By reimagining events as a measurable growth channel, founder Tonje Bakang Tonje is building the intelligence layer companies didn’t know they were missing.

For decades, companies have spent millions on events, from Cannes Lions activations to Davos dinners and SXSW takeovers, without being able to answer one basic question:

Did it actually work?

The default answer? Probably.

In relationship-driven industries, that uncertainty became normalized. Events were labeled intangible, valuable, but impossible to measure. A branding exercise. A networking play. A “nice to have.”

But as Tonje Bakang Tonje, founder of Moots, sees it, the problem was never the events themselves.

It was the missing infrastructure behind them.

For years, companies have instinctively understood the power of in-person connection. At global gatherings like Cannes Lions, CES, and Art Basel, entire ecosystems of side events have emerged, including private dinners, branded houses, and invite-only receptions. All of them are designed to do one thing: build relationships.

And for good reason. As AI lowers the barrier to building products, differentiation increasingly comes down to trust and relationships.

“Each one exists because companies know that in a world where anyone can build a product with AI in a few weeks, the real differentiator is the relationship you build with your customers and the trust people have in your brand. Nothing beats in-person for that,” Tonje explains.

Yet despite the scale of investment, the intelligence behind those relationships has historically been fleeting. After the event ends, what remains is fragmented. A guest list here. A spreadsheet there. Scattered notes. Most often, the knowledge lives in someone’s memory.

Most teams, at best, walk away with a name and a company.

That is not intelligence. That is a list.

And when the person who hosted the event or built those relationships leaves the company, that knowledge often disappears with them.

The turning point for Tonje came from recognizing a fundamental disconnect. Companies were investing in events as if they were critical to growth, yet measuring them as if they did not matter.

A brand might spend hundreds of thousands of dollars on an activation at SXSW or a private executive dinner during Davos. Months later, they still cannot trace which relationships began there, let alone whether those interactions led to pipeline, partnerships, or revenue.

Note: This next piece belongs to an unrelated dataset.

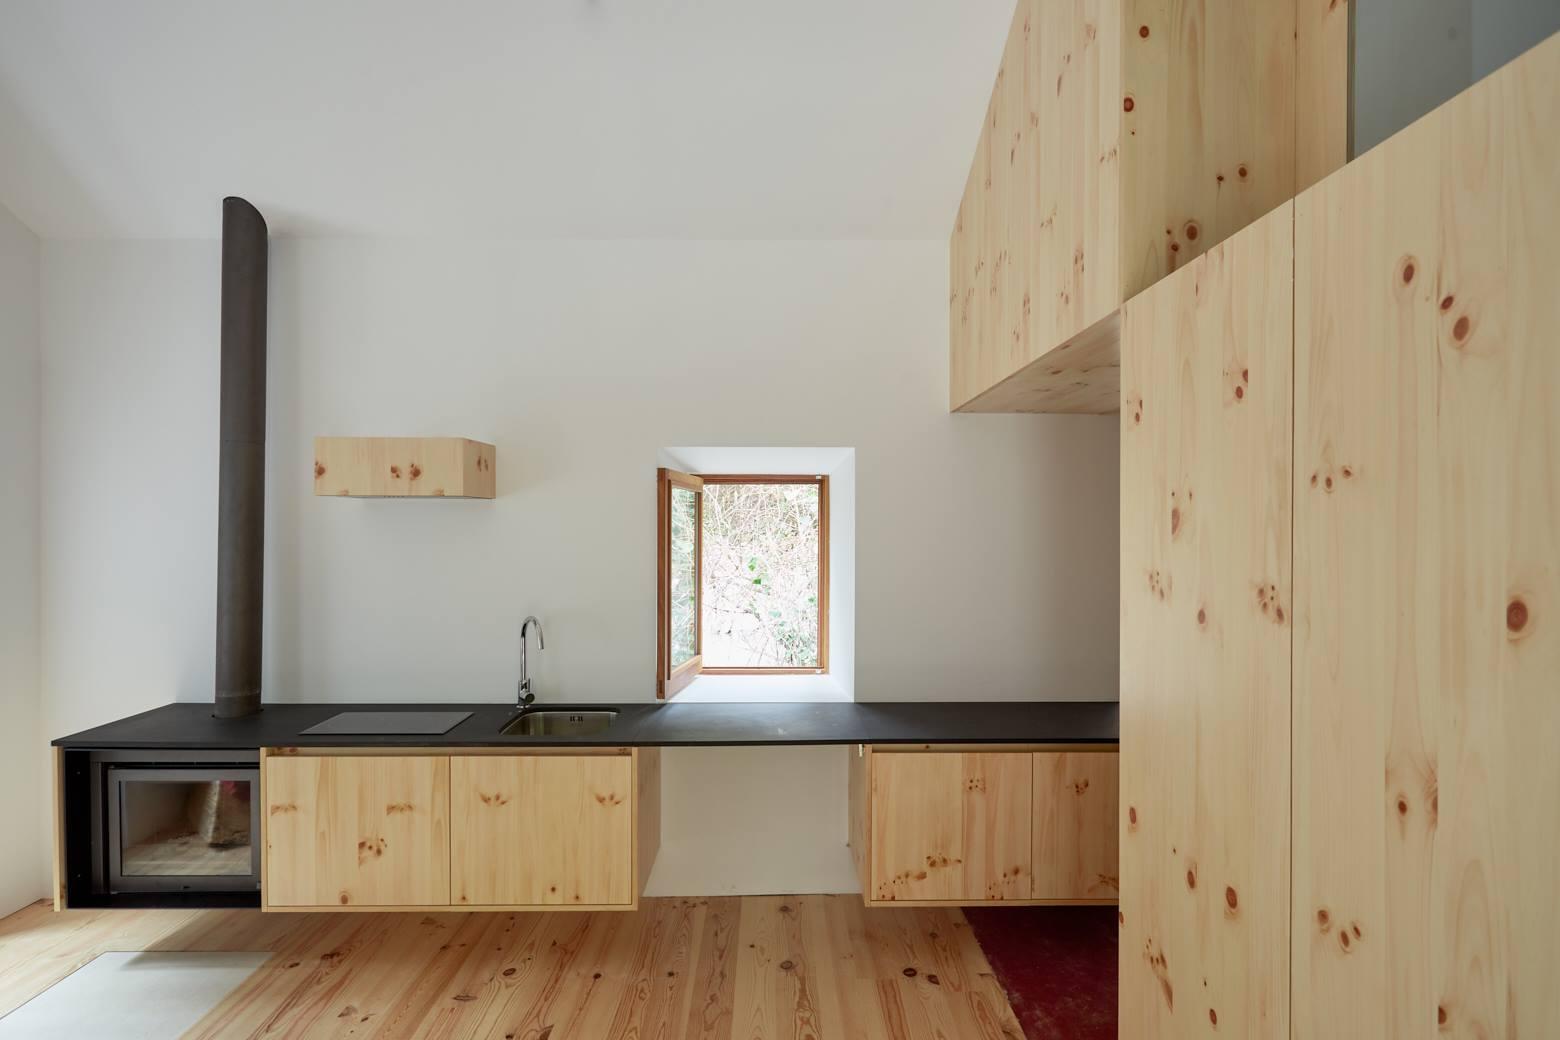 Architecture_Bruno_Lucas_Dias_Watermill_on_the_Crag_13

“It’s not that events don’t work,” Tonje says. “There’s been no system connecting who was in the room to whether those relationships turned into pipeline, partnerships, or deals. The investment has always been massive. The infrastructure to measure it simply didn’t exist.”

That realization led to the creation of Moots, a platform built around a new concept: guest intelligence.

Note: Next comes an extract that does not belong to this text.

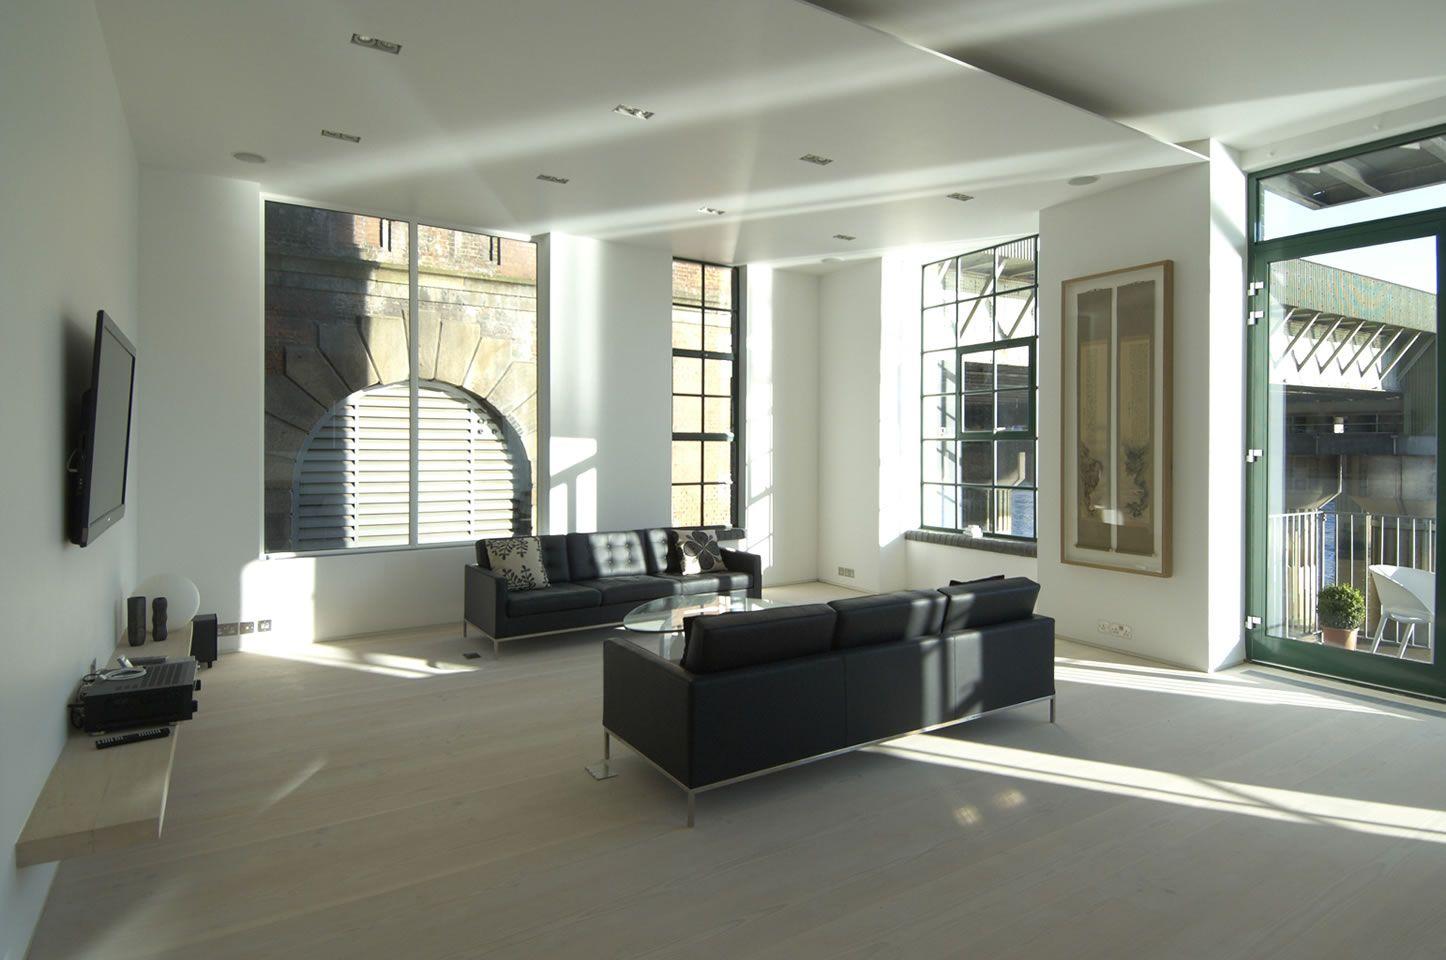 Clink street apartment london by chiara ferrari studio

Guest intelligence reframes how events are understood. Instead of focusing on attendance or logistics, it centers on three questions:

  • Who should be in the room?
  • What should happen between those people?
  • Did those interactions lead to outcomes?

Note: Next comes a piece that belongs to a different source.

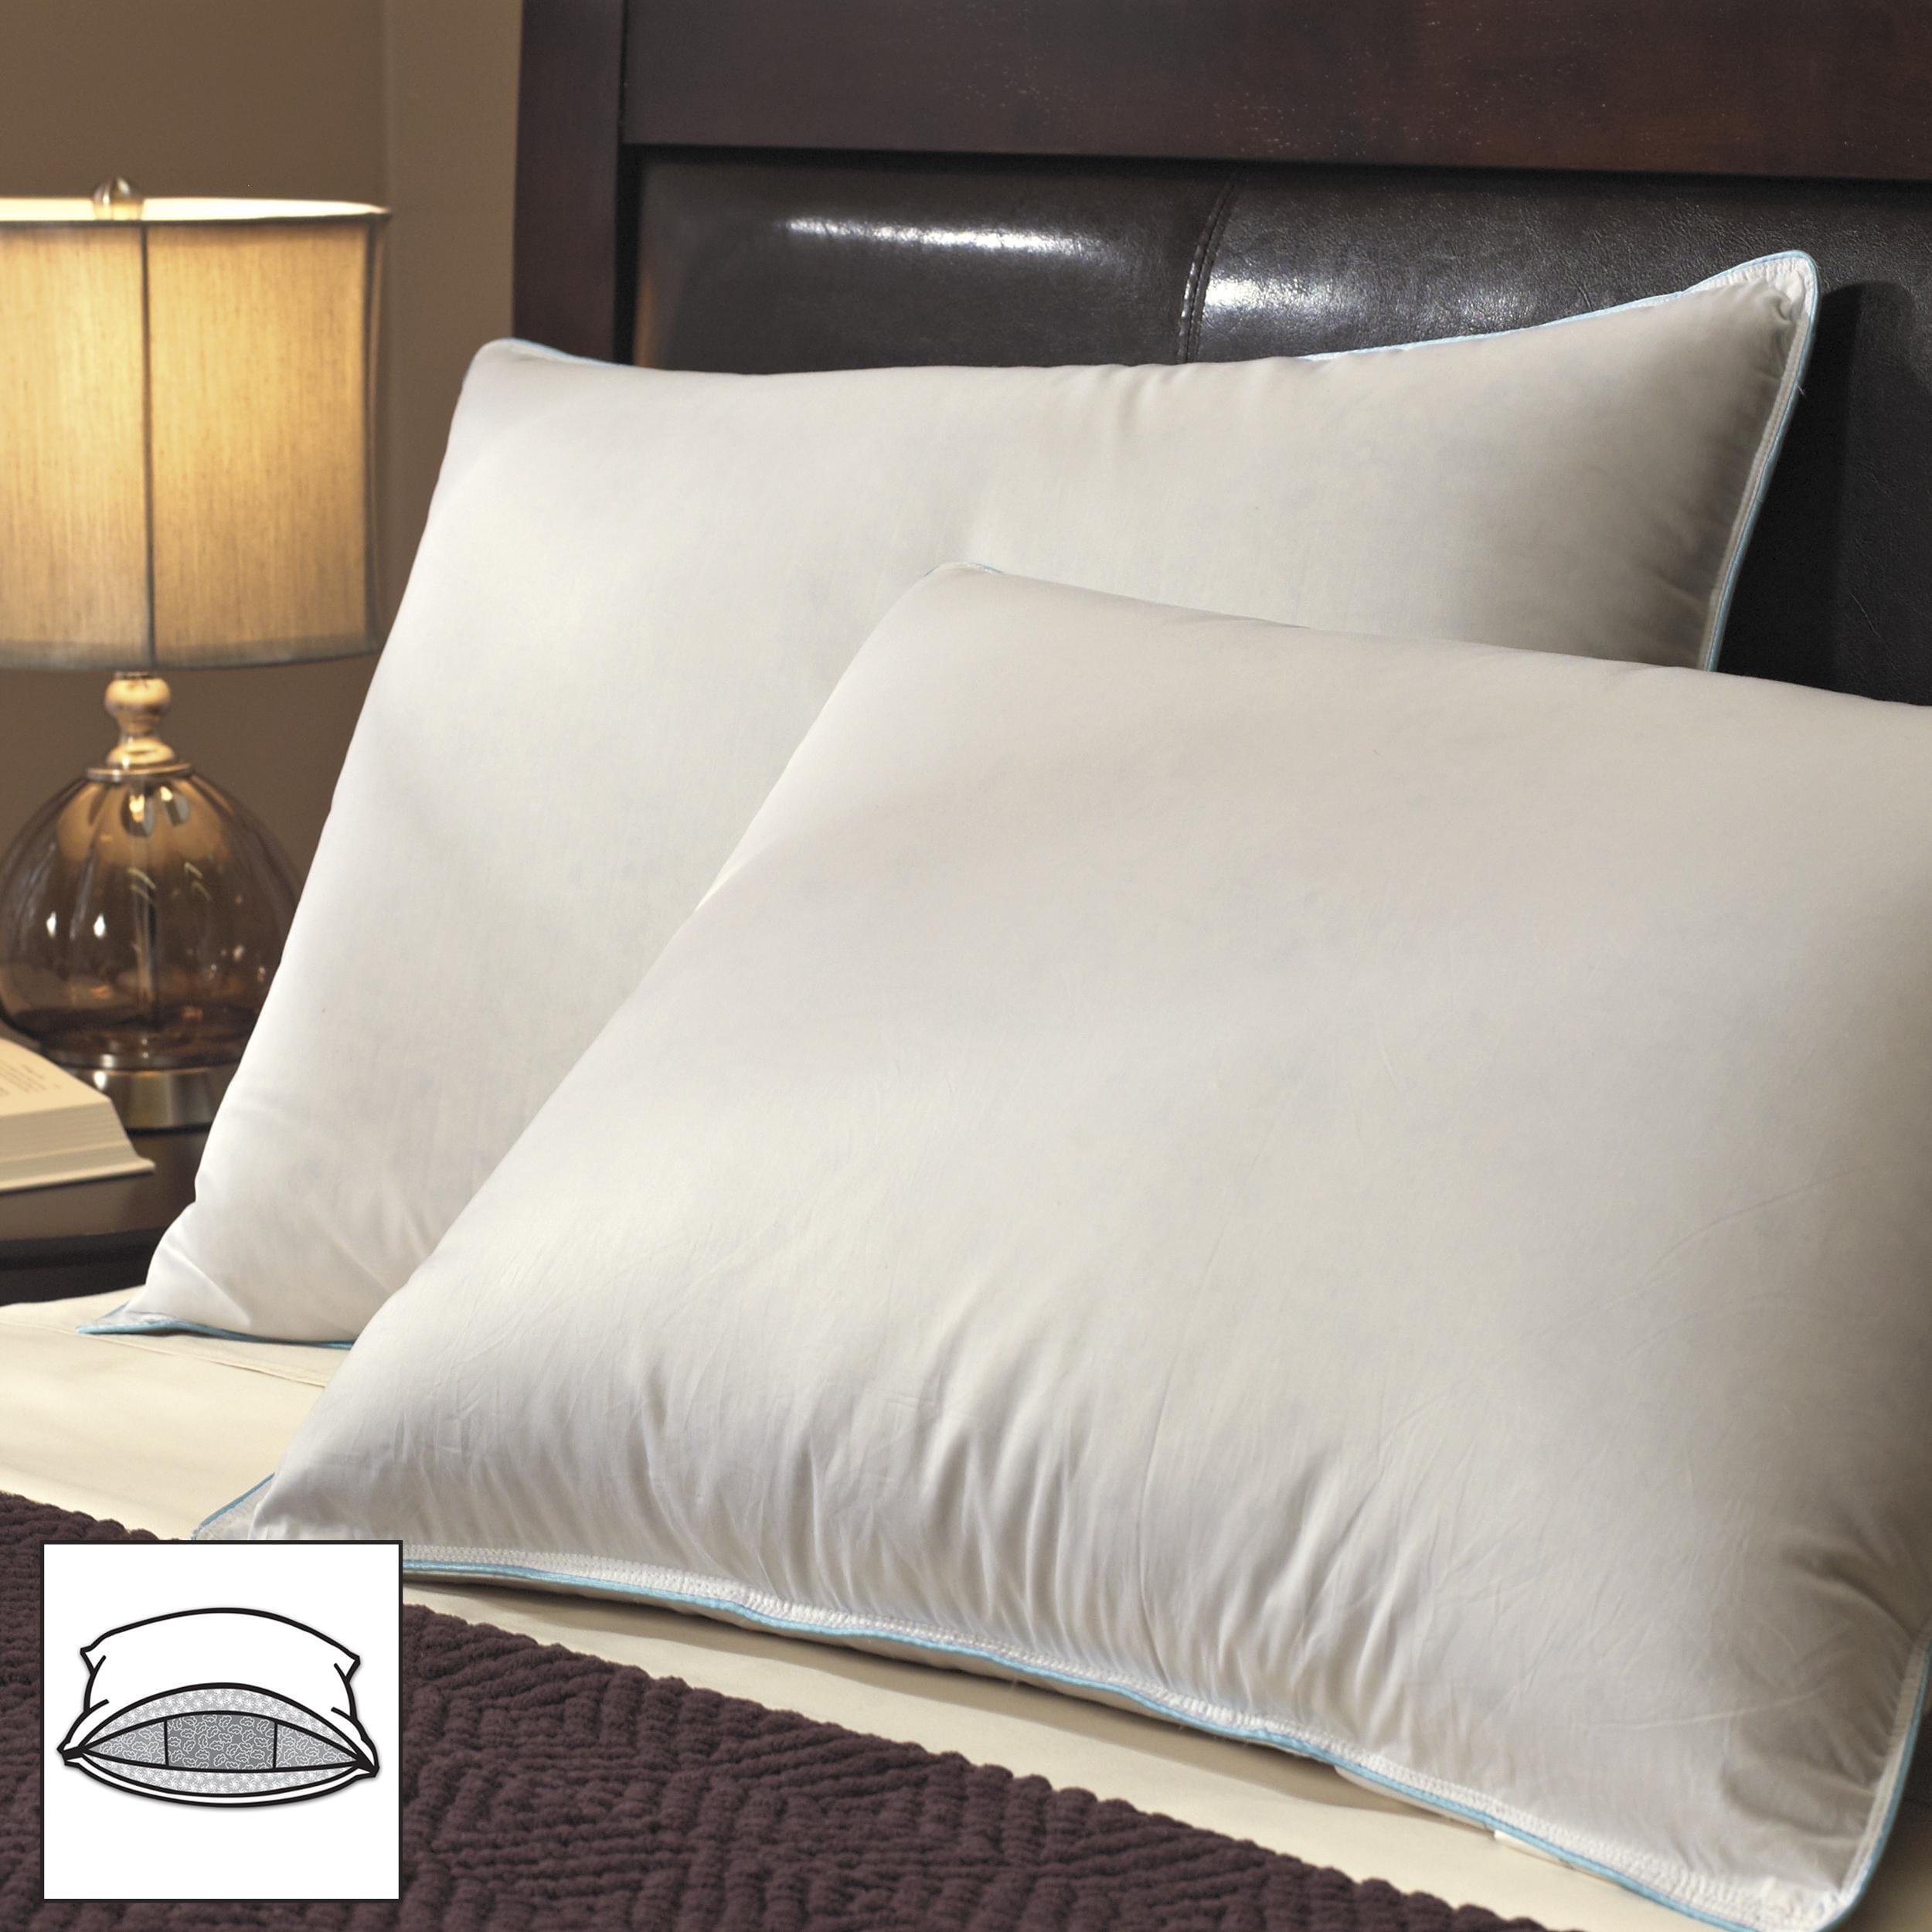 Famous Maker Premier 600 Fill Power Pyrenees Down Triple Chamber Pillows (Set of 2)

Today, most companies rely on a fragmented stack of tools. Invitation platforms, RSVP systems, CRMs, and enrichment tools often operate separately and do not communicate with one another. The result is disconnected data and missed opportunities.

Moots connects these systems and transforms scattered inputs into a unified intelligence layer. More importantly, it activates that intelligence in real time.

Before an event, the platform scores and prioritizes guests based on specific objectives. During the event, it guides interactions by identifying who should meet, alerting teams when high-value attendees arrive, and equipping staff with context for meaningful conversations. Afterward, it ensures that follow-ups are timely, informed, and connected to business outcomes.

What was once left to chance becomes intentional.

This shift has major implications for how companies think about return on investment. Traditional event metrics such as attendance, impressions, and social reach offer only surface-level insight. Moots instead connects experience directly to outcomes.

If the right people meet and find value in the interaction, the likelihood of conversion increases significantly. If they do not, even the most well-produced event will fall short.

For the first time, companies can trace a clear path from who was in the room to what conversations took place to what those conversations produced.

Looking ahead, Tonje believes events are entering a new phase. They will no longer be isolated moments. Instead, they will become part of a continuous system where each interaction builds on the last and every gathering strengthens a company’s network and insight.

“The companies that win in the next decade will be the ones with the deepest relationships, not the best ad spend,” Tonje says. “In-person events are the most powerful tool for building trust, and the market is reflecting that.”

For an industry long driven by instinct, this represents a meaningful shift. Not away from human connection, but toward finally understanding its full value.